If you find you’ll need to make new QC samples in the future, remember to do it before you run out of the older batch, so that you can run both in a test assay and compare them to make sure they’re equivalent.
There are a lot of possible problems you could see with your standard curve, lower than expected absorbance values (low ODs) leading to a flattening of the bottom of the curve, or higher than expected absorbance (high OD’s) leading to a flattening of the upper portion of the calibrations curve.
Below we’ll list some common causes of poor standard curves, how they might manifest in your results and possible solutions.
Using the wrong concentration of your starting stock for a standard could lead to standards that are either under or over diluted, raising or lowering ODs and shifting your standard curve out of range.
Firstly, double check standard stock concentration, dilutions calculations and your dilutions.
Also, if you are reconstituting a standard from a lyophilized vial, ensure that you have followed the manufacturer’s instructions. It’s generally good practice to vortex vials to ensure all of the material has been reconstituted.
If your standard is old or hasn’t been stored correctly, it may be possible that it has degraded. This could manifest in a number of ways depending on how the protein degrades and the type of ELISA you’re running. But, generally, you’d expect to be seeing lower ODs than with a non-degraded standard.
Double check that the standard has been reconstituted in the correct buffer and stored correctly.
This can be a tricky one, especially if you’re otherwise confident that the curve was prepared correct (i.e. no dilution errors etc). It depends on your familiarity with the ELISA you’re performing.
Sometimes, you might just get higher or lower ODs than normal due to using, for example, a different batch of detection reagent (e.g. TMB). So, while your absorbance/OD values may fluctuate assay to assay, the assay itself should still be reliable if everything else is the same.
Again, having run QC samples would help hugely with confidence in the assay here.
If this is the first time you’ve run this ELISA from a specific manufacturer, make sure you’re using the suggested curve fitting model. Usually, this is a 4 or 5 parameter logistic curve fitting model (4-PL or 5-PL). However, different software may give slightly different fits, so you could try others (e.g. log-log) to see if that gives you a better fit.
The key is consistency, however.
So, if you’ve always used a 4-PL curve fit before on this assay (not every assay from a manufacturer uses the same curve fit – it’s just a model of the assay) and suddenly that doesn’t work, we’d recommend running the assay again. Suddenly switching to a different curve fit may mean your results are no longer comparable between assays.
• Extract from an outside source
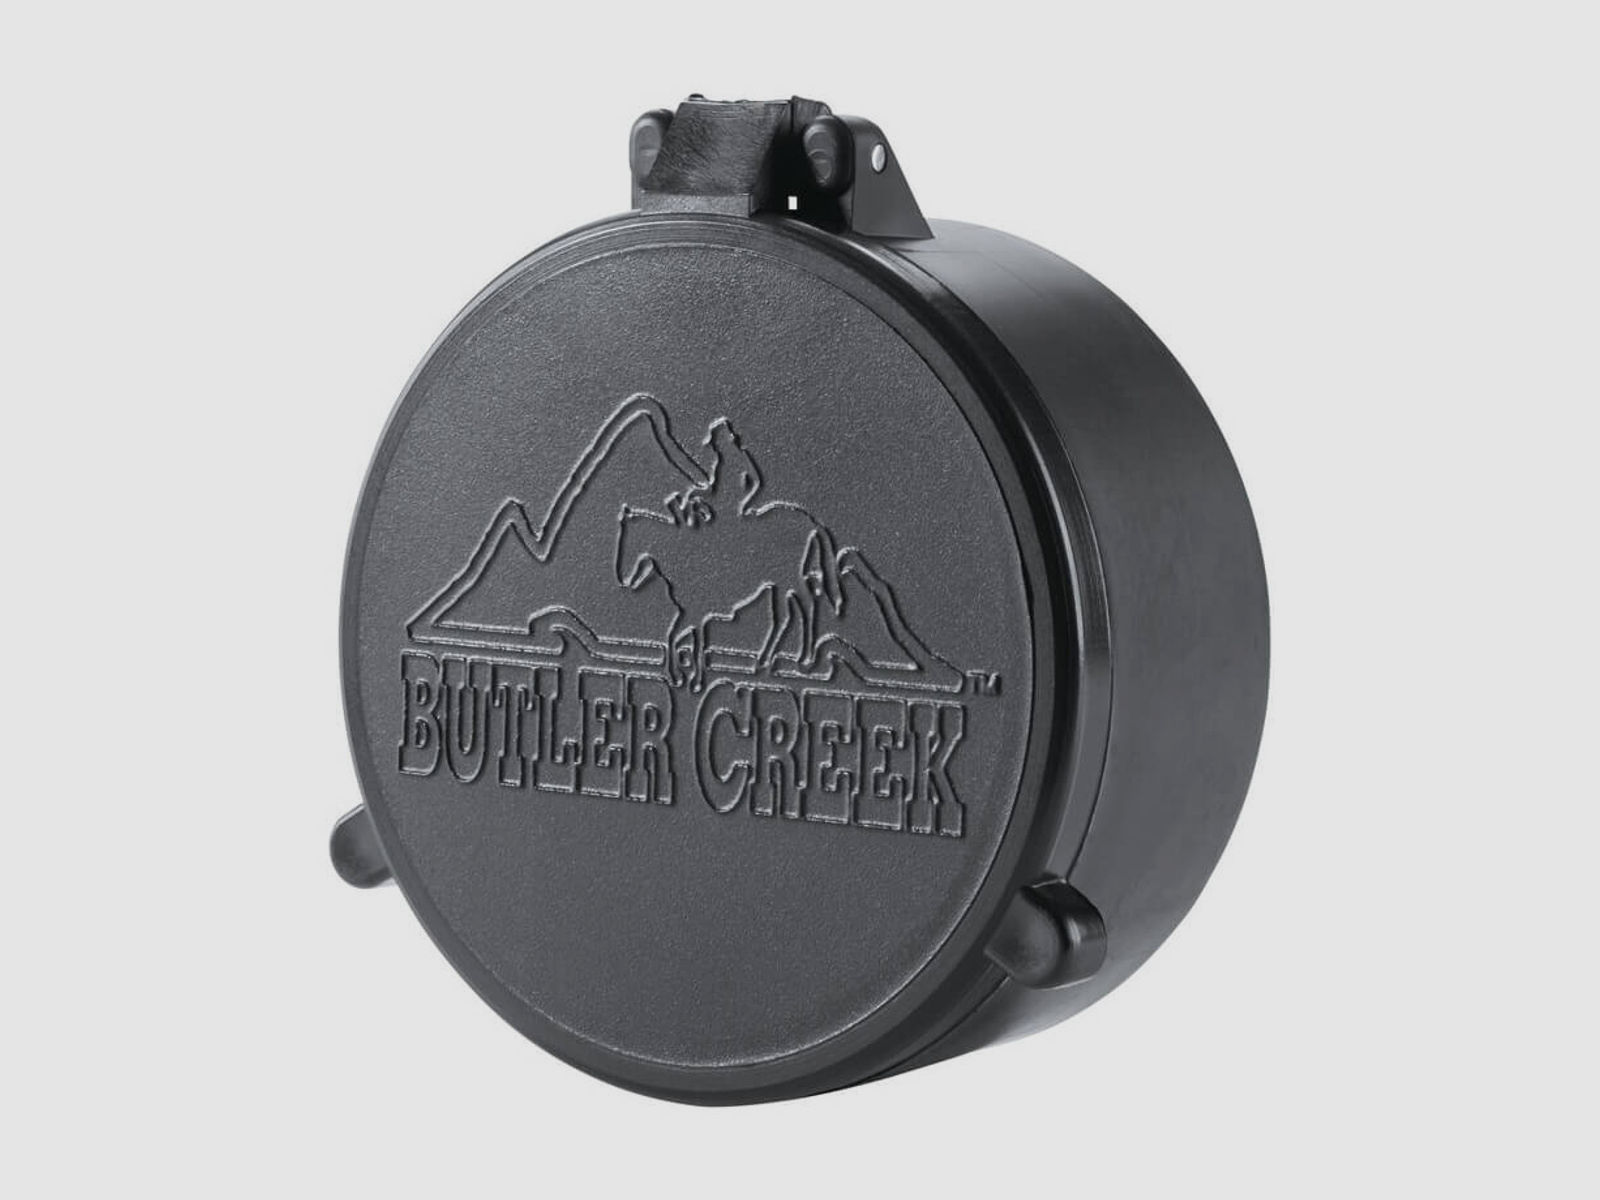 Butler Creek Objektiv Schutzkappe - 46,2mm

Especially if you require absolute values.
Pipetting errors, such as too much or too little sample, or high CVS, can easily occur when adding samples to a plate.
It may be obvious that you’ve transposed one standard for another on the curve (i.e. the 10 ng/mL sample has a higher OD than the 30 ng/mL standard, but otherwise it all seems normal). If that’s the case this can be easily fixed in your curve analysis software.
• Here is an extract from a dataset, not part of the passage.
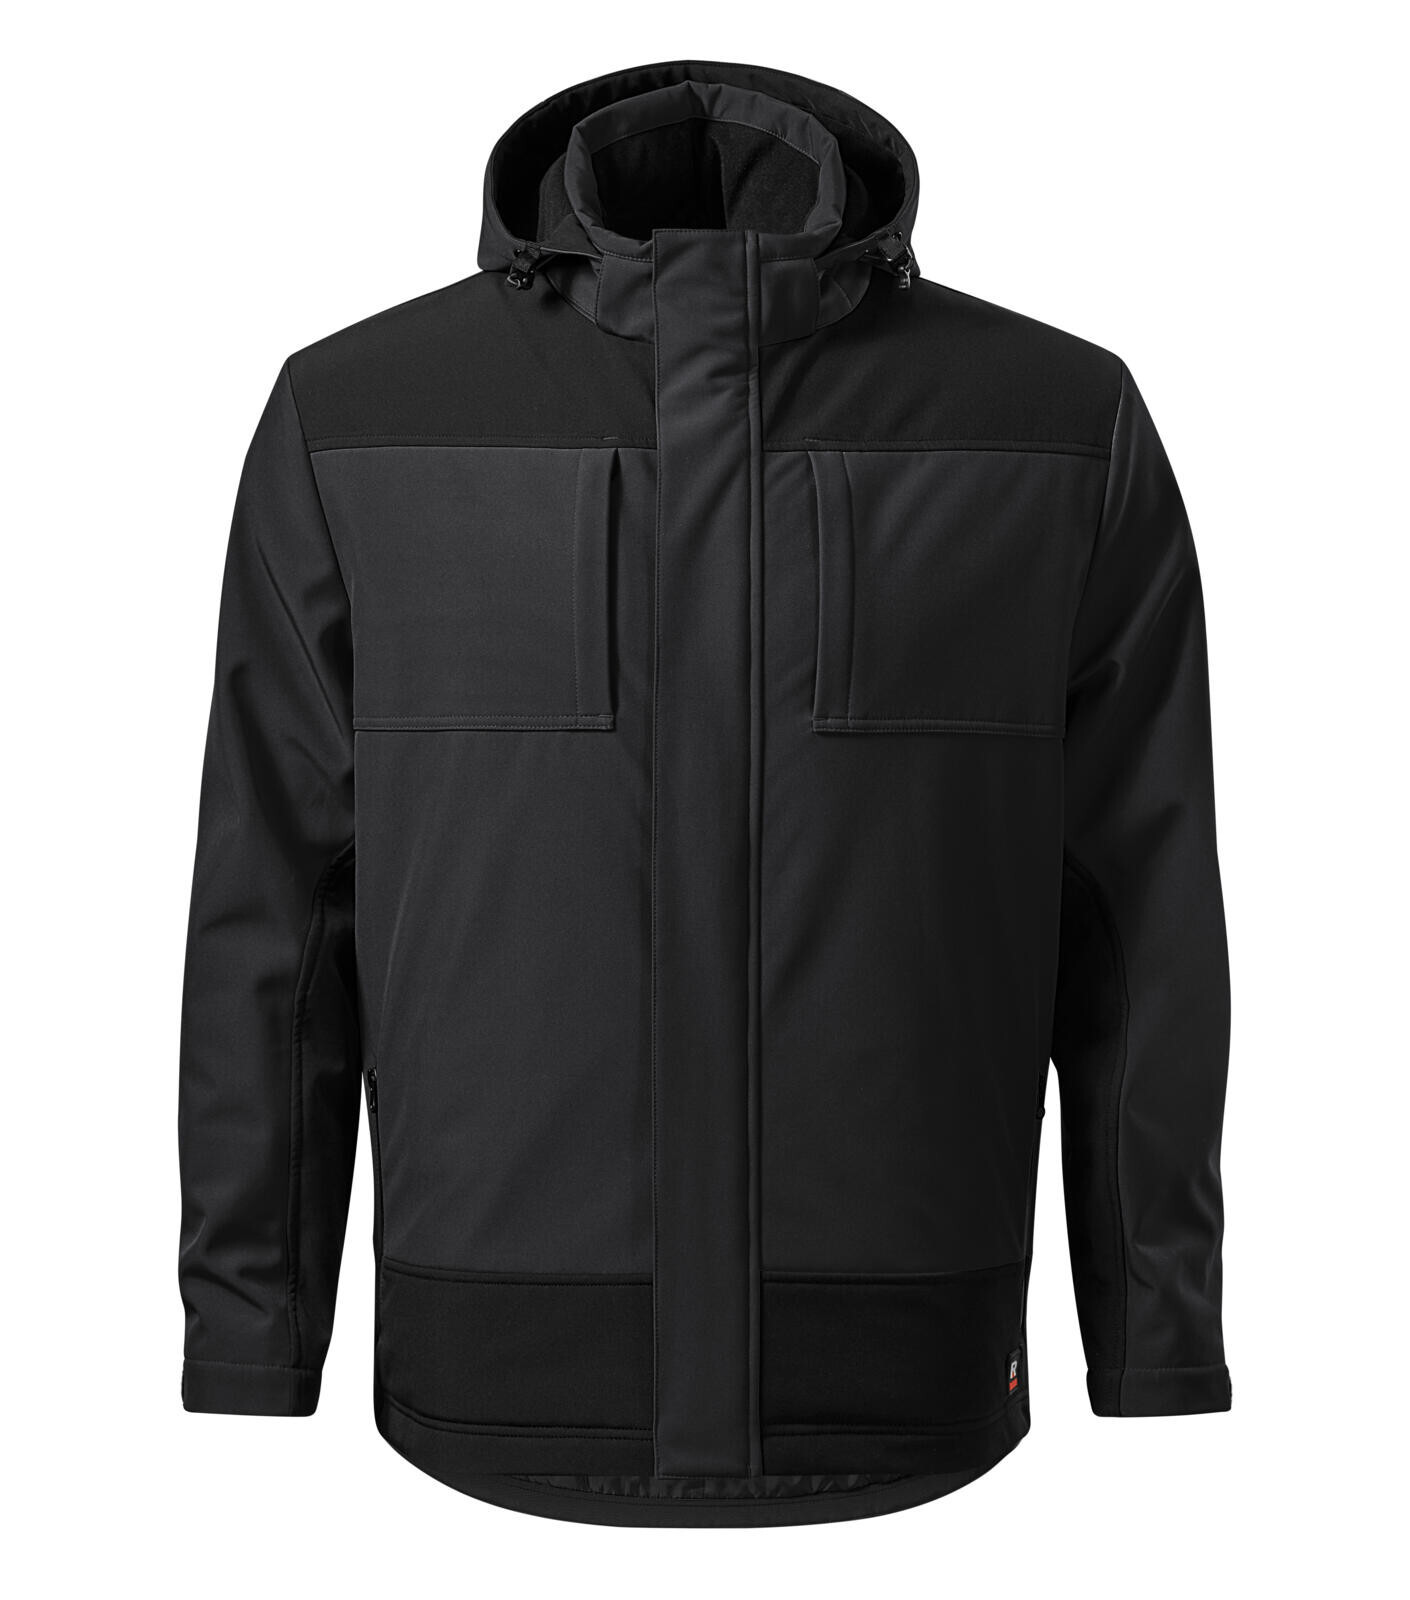 Pánska zimná softshellová bunda Rimeck Vertex W55 - veľkosť: L, farba: ebony grey

Poor CV’s in standard duplicates can be a sign of pipetting error and reduces the reliability of your standard curve. This can’t really be fixed after the fact, meaning the assay may have to be repeated.
Also, be sure to double check that your pipettes are calibrated, especially when using a multichannel pipette.
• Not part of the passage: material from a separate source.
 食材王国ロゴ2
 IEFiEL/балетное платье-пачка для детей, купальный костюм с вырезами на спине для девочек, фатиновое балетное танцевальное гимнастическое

Try to keep any tubes used for preparing standards, QC samples and samples to one side until you have finished your assay and analysed the results.
This can be an invaluable way of double checking you haven’t made a dilution mistake or accidentally mixed up tubes when you subsequently spot an error. For example, sample and tube transpositions can be noticed, or a higher or lower residual volume in a tube can indicate a preparation error.